Public properties - in two groups
The Privatization Agency selects the properties to be sold which are divided into two groups. The first includes properties that will be privatized and that will increase the revenues. The second concerns the Ministry of Finance and it will include properties that will be sold but the revenue from their sale will be added to the non-taxable income. The properties that will be sold through bonds must have two specific characteristics: they must be cleared of any legal problems and in parallel, investors must be convinced that they will obtain increasing revenues from them.

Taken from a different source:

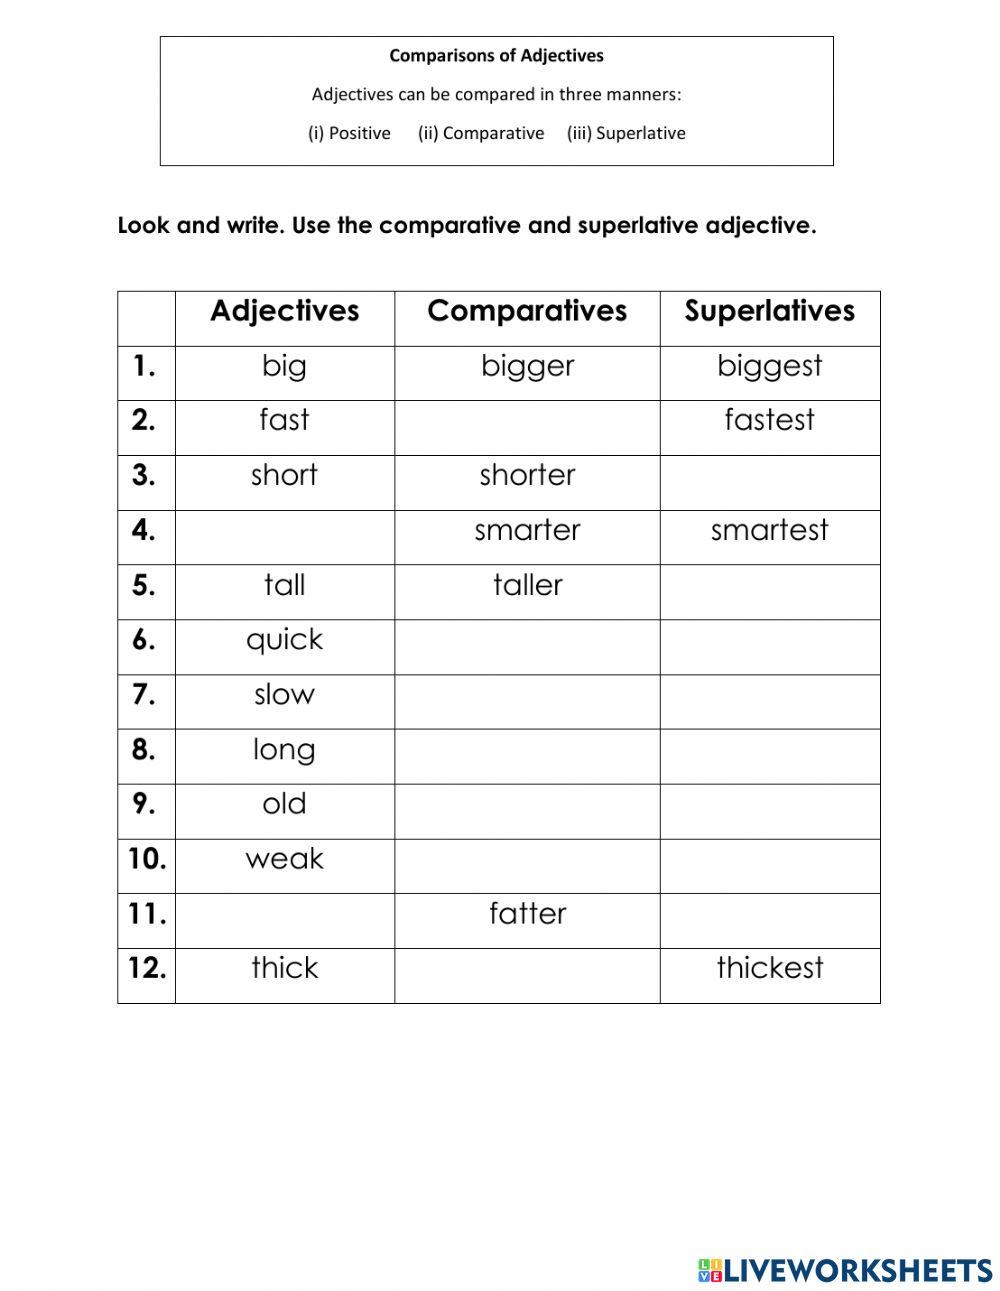 Comparisons of Adjectives

The sale of the properties is urgent in view of the fact that by November, the Agency must draw up a plan for the sale of approximately 76,000 properties that are in the portfolio of the public property company as well as a plan to transfer hundreds of properties, which are now controlled by various state organizations, under the control of the public property company.
Revenue from former barracks
The report by the International Monetary Fund (IMF) as well as that of the European Union (EU) on the implementation of the memorandum pays particular attention to the properties of the Ministry of Agriculture and the Ministry of Defence as a source of revenue from the sale of properties. A plan specifying the opportunities and mechanisms for the sale of these properties should be presented to the Troika by November.
Four stages
Both the IMF and the EU agree that the property sale has been significantly delayed and that there are still many problems that need to be resolved as quickly as possible. On the basis of the memorandum, the Privatization Agency should gain full control over 1,000 properties by the end of the year. The transfer will take place in four stages, i.e. 250 properties per quarter. The first package of properties was transferred in the middle of April.
The government has pledged that it will not transfer properties from one government agency (e.g. a ministry) to another (e.g. municipality) without the consent of the Privatization Agency and the Troika. Along with the sale of property, the Agency is launching electronic auctions for real estate.